Памятуя о злом умысле желтолицых, Хуги не повел Полосатого Когтя к озеру Эби-Нур. Через хребты и перевалы он повел его к снежному хребту Борохоро. Они вышли вовремя, и зима не поджимала их. Перед тем как совсем покинуть владения, Хуги направился к Старой Ели. Он помнил, какую подлость хотели сыграть с ним Бесхвостый и будущий вожак волчьей стаи Длинноногий. Бесхвостого уже давно съели сипы, а его отпрыск, взваливший на себя нелегкую ношу, теперь сам руководил набегами и был бы сильнейшим вожаком, унаследовав выдержку отца и сметливость матери, но ему мешала излишняя свирепость, он отпугнул от себя многих волков, и стая оказалась малочисленной.

Обретя уверенность в своей силе, Хуги решил изгнать Длинноногого. Всю эту округу он считал исконно своей, и если в ней продолжали жить волки, так это только благодаря попустительству Розовой Медведицы и Полосатого Когтя. Красным разбойникам не могло быть места там, где живет он.

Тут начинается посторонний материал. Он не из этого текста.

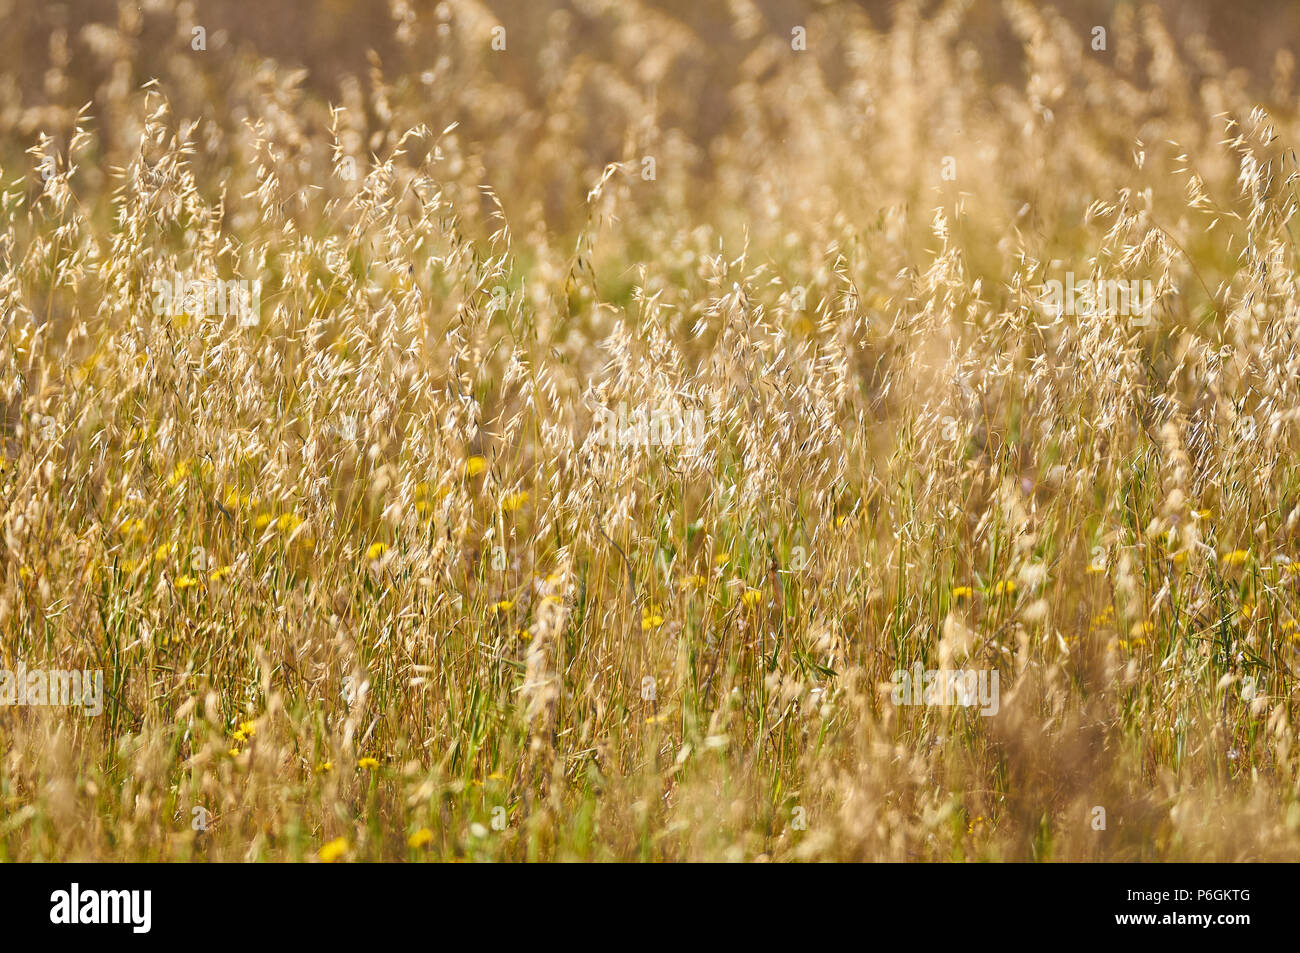 L'herbe folle avoine (Avena sp.) terrain avec fleurs dans pouvez Marroig immobiliers publics dans le Parc Naturel de Ses Salines (Formentera, Iles Baléares, Espagne) Banque D'Images

Когда Полосатый Коготь понял, куда ведет Хуги, он остановился и замотал из стороны в сторону лобастой головой.

Но Хуги на этот счет имел свои суждения. Он подошел к Полосатому Когтю и легонько куснул за ухо, что считалось серьезным внушением на языке медведей, и старик вынужден был покориться.

Длинноногий заметил их первым и, предупреждая бесцеремонное вторжение в пределы логова, вышел вперед и остановился в созерцательно-спокойной позе. Он стоял, как пустынник-гепард, широко расставив длинные, стройные ноги.

Но Хуги бесстрашно пошел на волка. Полосатый Коготь, вздыбив на загривке шерсть, прибавил шагу и поравнялся с ним. Он был еще достаточно крепок, чтобы померяться силой не только с одним волком, но и с пятью сразу.

В десяти шагах Хуги остановился. Остановился и Полосатый Коготь, ожидая сигнала к битве.

Длинноногий так и остался стоять, как изваяние из камня, не дрогнув ни одним мускулом. Хуги сурово и неприязненно уставился в волчьи глаза. Длинноногий нагнул голову: он не выносил прямого человеческого взгляда. Этот взгляд пронизывал насквозь, испытывал волю, смелость.

Так они простояли минуты три, потом Хуги зарычал, повернулся и спокойно зашагал прочь. Полосатый Коготь облегченно хрюкнул и пошел следом.